David Foster Wallace

Wallace’s new novel – The Pale King -arrived in the mail this morning. It’s unfinished, of course, but as editor Michael Pietsch (who also edited Infinite Jest) explains in a moving preface, it was far enough along to merit publication. How can we not look, asks Pietsch, even though “everyone who worked with David knows well how he resisted letting the world see work that was not refined to his exacting standard”. Exactly. I must say that I was among those condemning Dmitri Nabokov last year when he disobeyed his father’s instruction to burn The Original of Laura if it was unfinished at the time of Vladimir’s death – which it was – and published it anyway. I just thought it was rude (not being a big Nabokov fan) but I think most of the lit community trashed him because the work wasn’t very interesting. Now the shoe’s on the other foot, eh? – I really want to read this book,  and at the moment that seems to be superseding any moral qualms about what the author’s  posthumous wishes might have been. An odd thing to say, maybe, given that Wallace’s focus on trying to be truly moral is one of the great great things I love about his work, but there you have it.
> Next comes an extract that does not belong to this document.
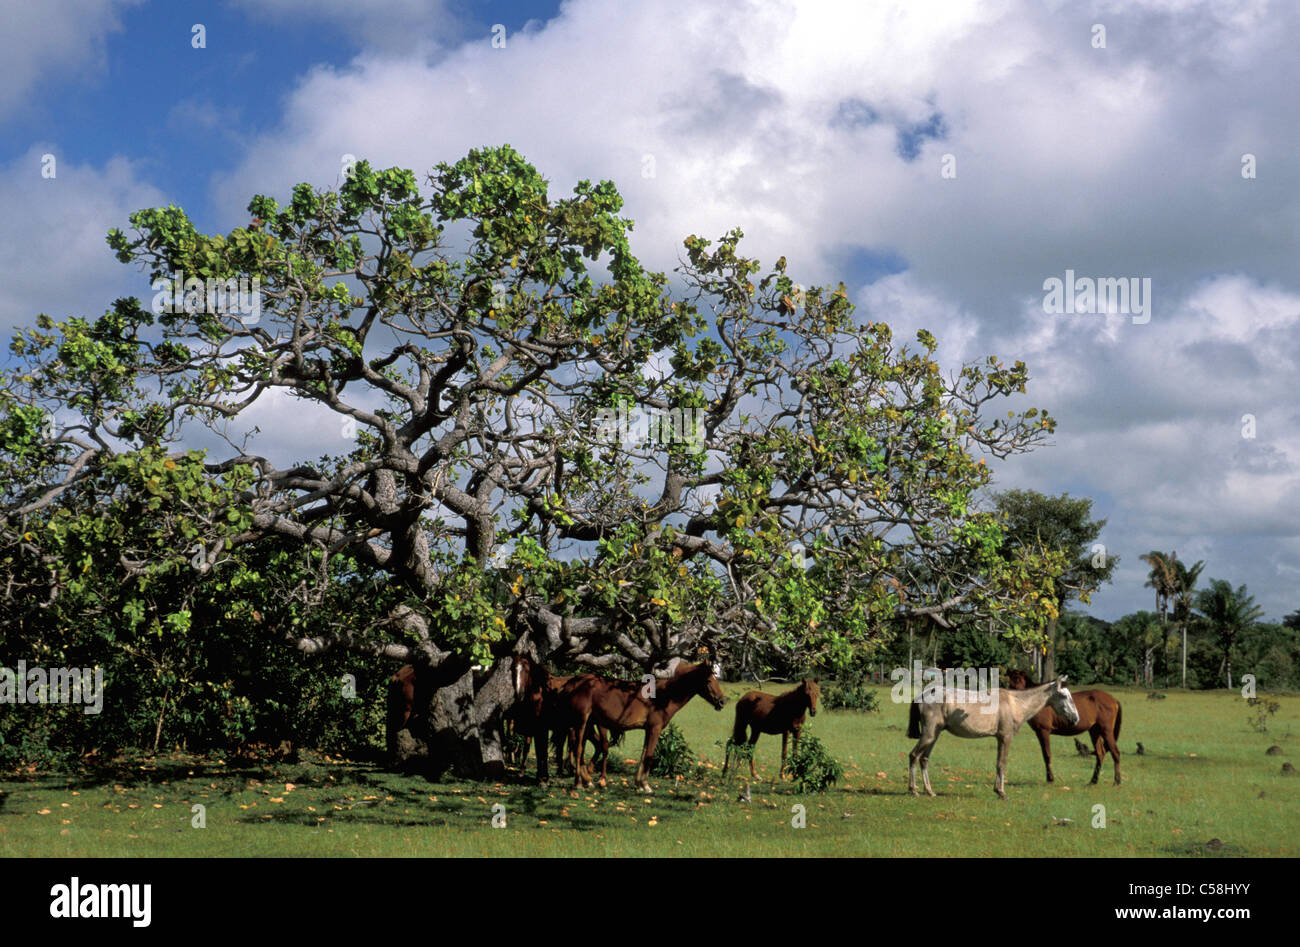 Horses, Tree, Fazenda Sao Franzisco, Ilha do Marajo, Amazon delta, Amazonia, Brazil, South America, Stock Photo

It’s all about the writing in the end, and for me his is good enough that I can’t help wanting to look.  I suppose that’s how Max Brod felt when he published The Trial and The Castle even though Kafka told him to burn the manuscripts after his ( K’s) death.  Hey Franz – you could have burned them yourself if they were that bad. Actually my favorite case at the moment is that of Ralph Ellison, who struggled something like 40 years to finish a second novel after the huge success of Invisible Man in 1952, but left only an unfinished manuscript at the time of his death in 1994.  An edited version was published in 1999 as Juneteenth and pretty much bombed. Now Random House is trying again, publishing just this spring the entire manuscript, annotated but basically unedited, under the title Three Days Before the Shooting…we’ll see. Anyway, more on The Pale King once I get into it.